On Entrepreneurship as Rebellion:
“Entrepreneurship is a rebellion. That is literally what it is.”
— Jeni Britton (09:14)
On Vision Taking Over:
“At some point the vision leads you as opposed to you following the vision.”
— Simon Sinek (14:45)
On Service:
“Service is a gift you give to the world. It comes back to you later.”
— Jeni Britton (28:30)
On Resilience After Crisis:
“It was the worst thing I’ve ever been through and also the best... I would never go back to the day before.”
— Jeni Britton (45:55)
On the Mixtape Metaphor:
“The greatest metaphor for why you should start a business… there’s an act of love, a huge amount of effort, with a high probability of failure, but it’s worth it.”
— Simon Sinek (37:03)
On Health and Love:
“If people feel good, they’re better equipped to love others.”
— Simon Sinek (42:43)
On Adam Smith, Capitalism, and Craft:
“You don’t have to make the best strawberries, the best pralines… what you get is the best ice cream.”
— Simon Sinek (51:18)
The episode is a resonant exploration of entrepreneurship as a creative, even rebellious act—driven not by financial ambition, but by curiosity, care, and the desire to make a positive mark on the world. Jeni’s story is as much about resilience and reinvention as it is about ice cream.
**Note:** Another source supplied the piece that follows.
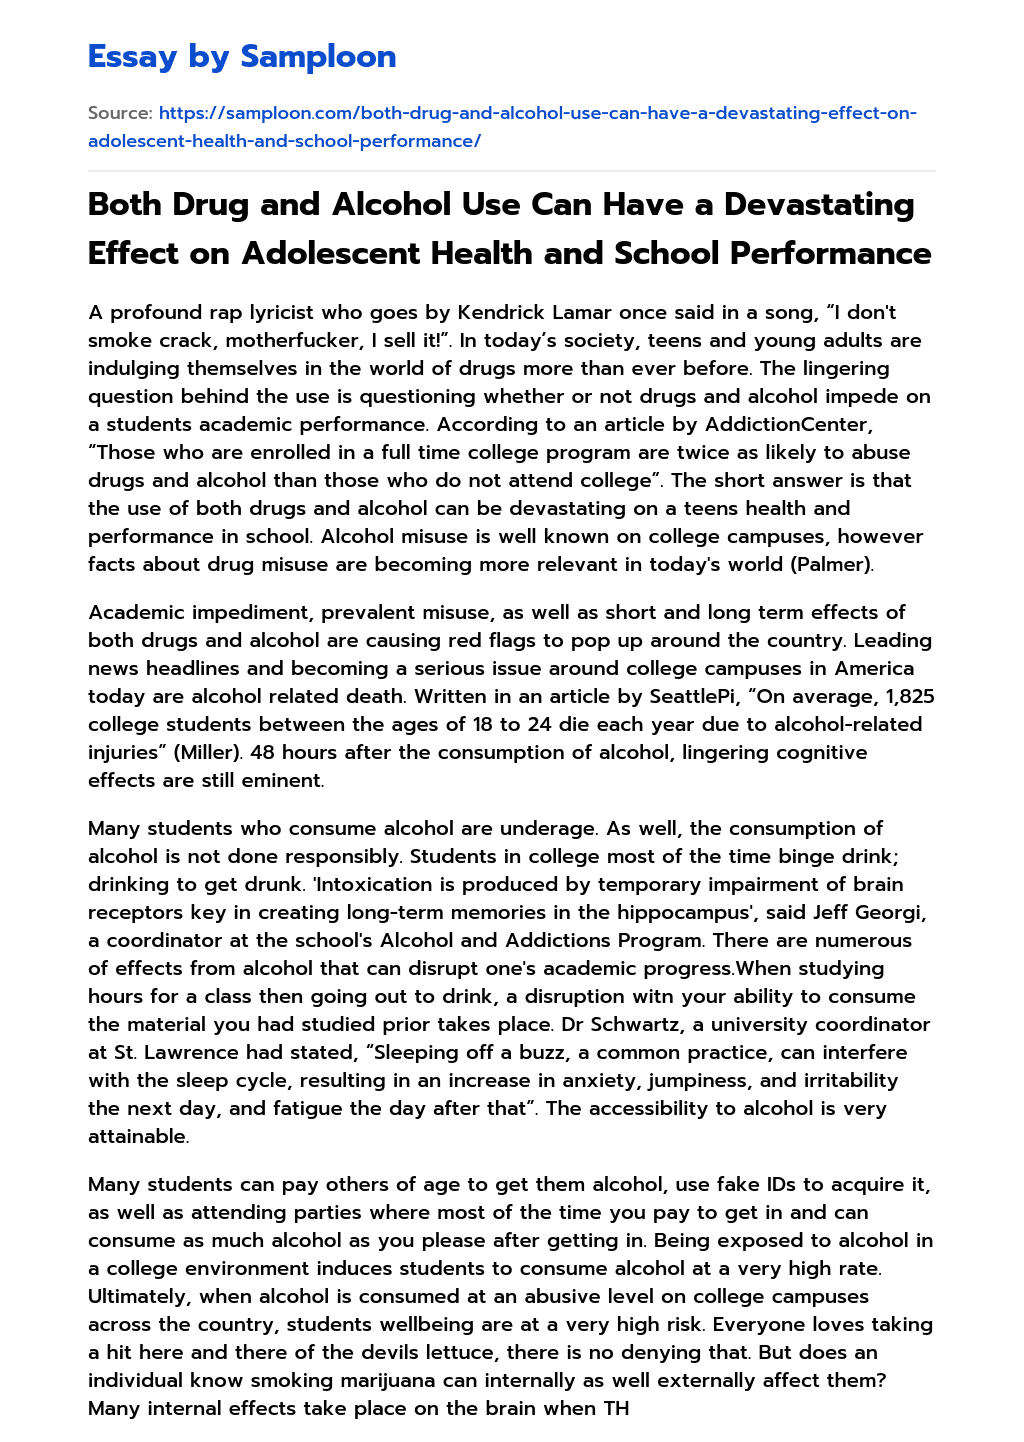 Both Drug and Alcohol Use Can Have a Devastating Effect on Adolescent Health and School Performance essay

Through personal anecdotes, reflective insight, and vibrant metaphor (“the mixtape generation”), Jeni and Simon articulate a timeless blueprint for meaningful work: build slowly, lead with love, serve joyfully, and—above all—embrace the art of doing things your own way.
Listener Takeaway:
If you’ve ever wondered what it takes to start something new and meaningful—or why acts of care and creativity matter in both ice cream and entrepreneurship—this episode is an essential listen. It’s an act of optimism all its own.